A conspiracy theory is an attribution theory: it asserts (by its nature) that some observable phenomena is attributable to the intentions of some group, and creates a structure/system in which that group has the motive, means, and opportunity to create the given (observable) outcome. Thus someone like Marjorie Taylor Greene might consider the increase in California wildfires, but instead of attributing those fires to uncontrolled forces (natural or man-made), she attributes them to some intentional action by a human agent: in her case, George Soros, trying to develop some space-based solar power system backed by money from a Jewish cabal, which has gone horribly wrong.
The heart of a conspiracy theory is the idea that bad things only happen because of bad actors, and that one must ferret out the bad actors responsible for those bad things at all costs. Thus conspiracy theorists seek out conspiracies — groups of bad actors coordinating to hide their bad actions from others — because the idea that a bad outcome is due to anything other than human intervention is pragmatically unthinkable. This is actually quite normal in a way, because people tend to think in term of narratives. We prefer stories about agents, about people who make decisions that have impact on their own lives and the lives of others; we reject stories in which unpredictable events occur for no reason. And so (to be topical) we might see someone prefer to believe a story of wide-spear voter fraud, however improbable, because the alternative is that one's preferred candidate lost where he should have won, for no readily apparent reason.
Losing is bad, therefore someone must have done it to us, because bad things don't happen otherwise.

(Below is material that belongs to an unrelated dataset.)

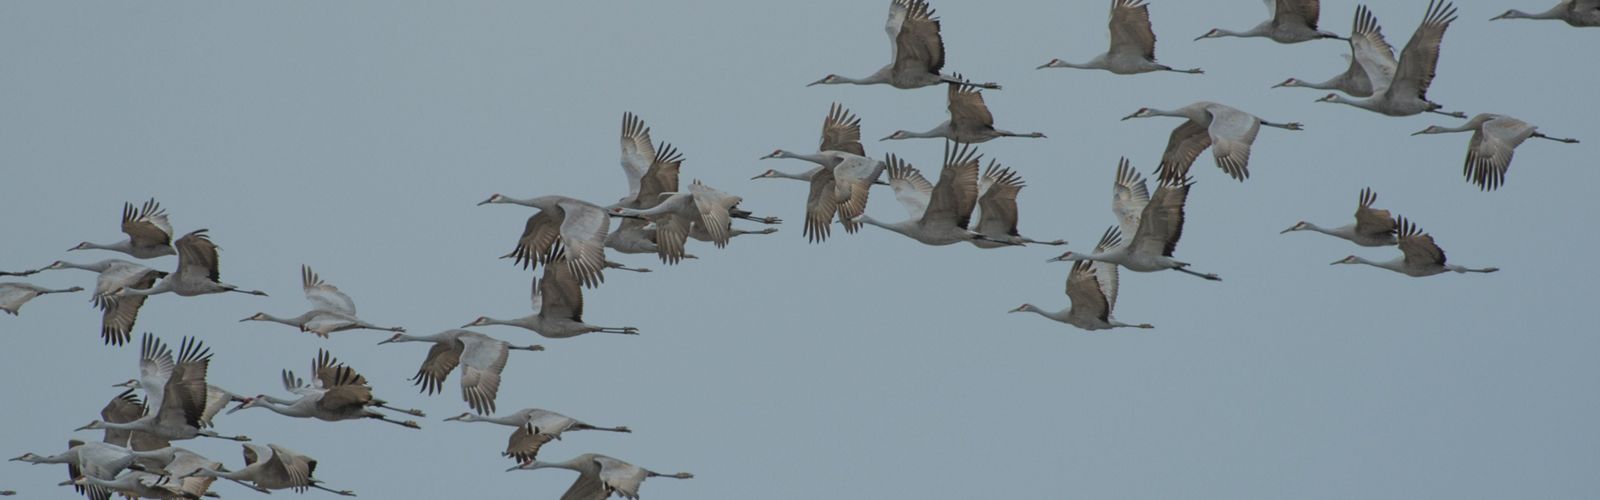 A flock of sandhill cranes flies across the sky.

There is no cure for conspiracy theory except the re-invocation of common sense. At some point, one has to be able to say:
Ok, this is ridiculous; something I don't like happened and nobody did it. Time
to move on.
But there will always be people who refuse to move on, and refuse to grasp that basic acceptance of reality. One has to be able to distinguish ardent belief as a thing in itself, but something that it is not an acceptable replacement for truth. Otherwise one is vulnerable to every huckster with a tale to tell.